Why investing in mutual funds or unit trusts may not be a good idea – part 2
Followers of bigfatpurse will know that I am not a definitely not a fan of mutual funds or unit trusts. I stated my reasons in this earlier post: Why investing in mutual funds or unit trusts may not be a good idea. It rekindled my thoughts about mutual funds when I was reading Peter Lynch’s “One Up on Wall Street“, who as a fund manager, believes an investment professional may not do as well as an ordinary retail investor. In his book, he provided elaboration that was not covered in my post and it was his view from the inside that made it even more convincing.
Analysts may not be qualified afterall
Peter was hired at Fidelity (a fund management company) as an intern while he was at Wharton University. He sounded very critical against the investment professionals like the research analysts (which I believe not all are bad) – “Summer interns such as me, with no experience in corporate finance or accounting, were put to work researching companies and writing reports, the same as the regular analysts. The whole intimidating business was suddenly demystified – even liberal arts majors could analyze a stock.”
He even called professional investing an oxymoron but redeemed himself speaking of a handful successful ones like John Templeton, Warren Buffett and a few others.
Professionals are slow to recognize business success than commoners
He argued that it takes a longer than desired time to identify a business that has tremendous growth potential. He termed it “Street lag”. “Under the current system, a stock isn’t truly attractive until a number of large institutions have recognized its suitability and an equal number of respected Wall Street analysts have put it on the recommended list. With so many people waiting for others to make the first move, it’s amazing that anything gets bought.” He substantiated with the example of The Limited, where many analysts missed the stock in it’s early days. It was up eighteenfold from 1979 to 1983, but only 6 analysts were tracking it from 1981. It was only until 1985, the stock came under the radar of the analysts and institutions chased after it at $15, up from the initial 50 cents.
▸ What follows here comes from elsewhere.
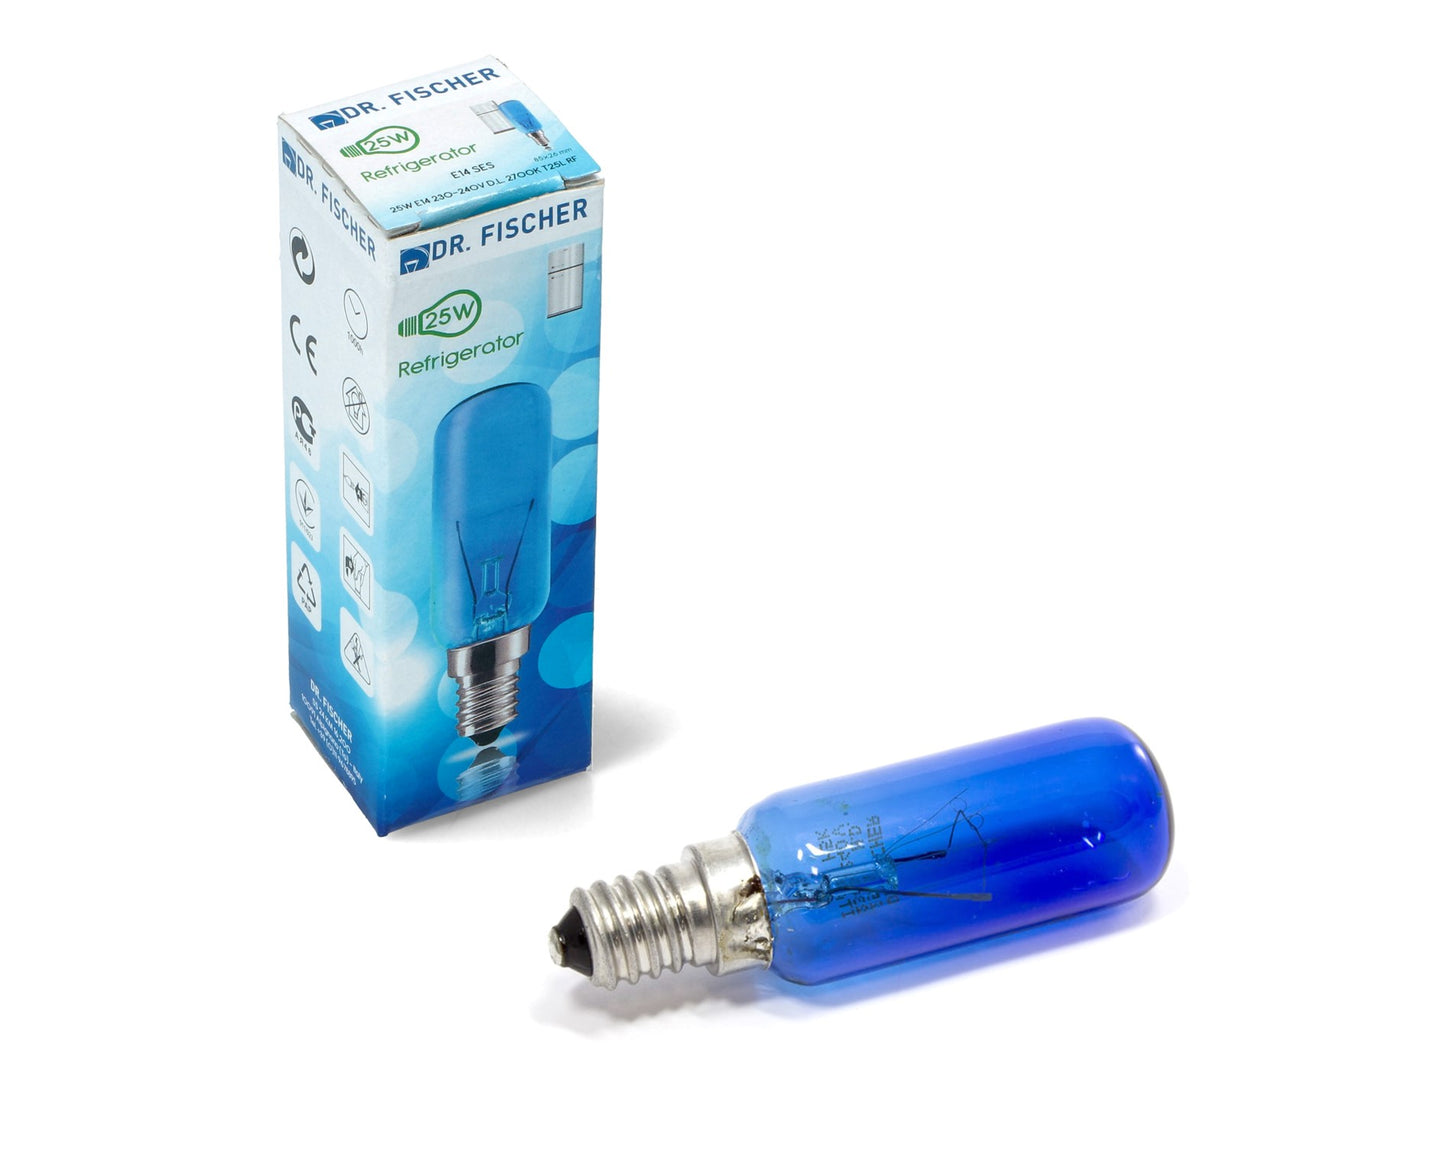 Genuine Dr Fischer Bosch Neff Siemens Refrigeration Fridge Freezer Blue 'Daylight' Lamp bulb - 612235, 00612235, ES1947690, ES1220347

He reckoned that many commoners visiting any of the 400 The Limited stores back in 1981 would have realized it’s thriving business earlier than the professionals.
The need to keep his job
Fund managers have big clients and bosses to answer to and they have to justify for their fund performance and stock selections to these people. “With survival at stake, it’s the rare professional who has the guts to traffic in an unknown La Quinta. In fact, between the chance of making an unusually large profit on an unknown company and the assurance of losing only a small amount on an established company, the normal mutual-fund manager, pension-fund manager, or corporate-portfolio manager would jump at the latter. Succes is one thing, but it’s more important not to look bad if you fail. There’s an unwritten rule on Wall Street: “You’ll never lose your job losing your client’s money in IBM.”"
“If IBM goes bad and you bought it, the clients and the bosses will ask: “What’s wrong with the damn IBM lately?” But if La Quinta Motor Inns goes bad, they’ll ask: “What’s wrong with you?”"
In other words, fund managers find it easier to justify their losing positions on big recognized companies than losing positions on almost unknown companies. And it is often that the greatest growth comes from the small companies.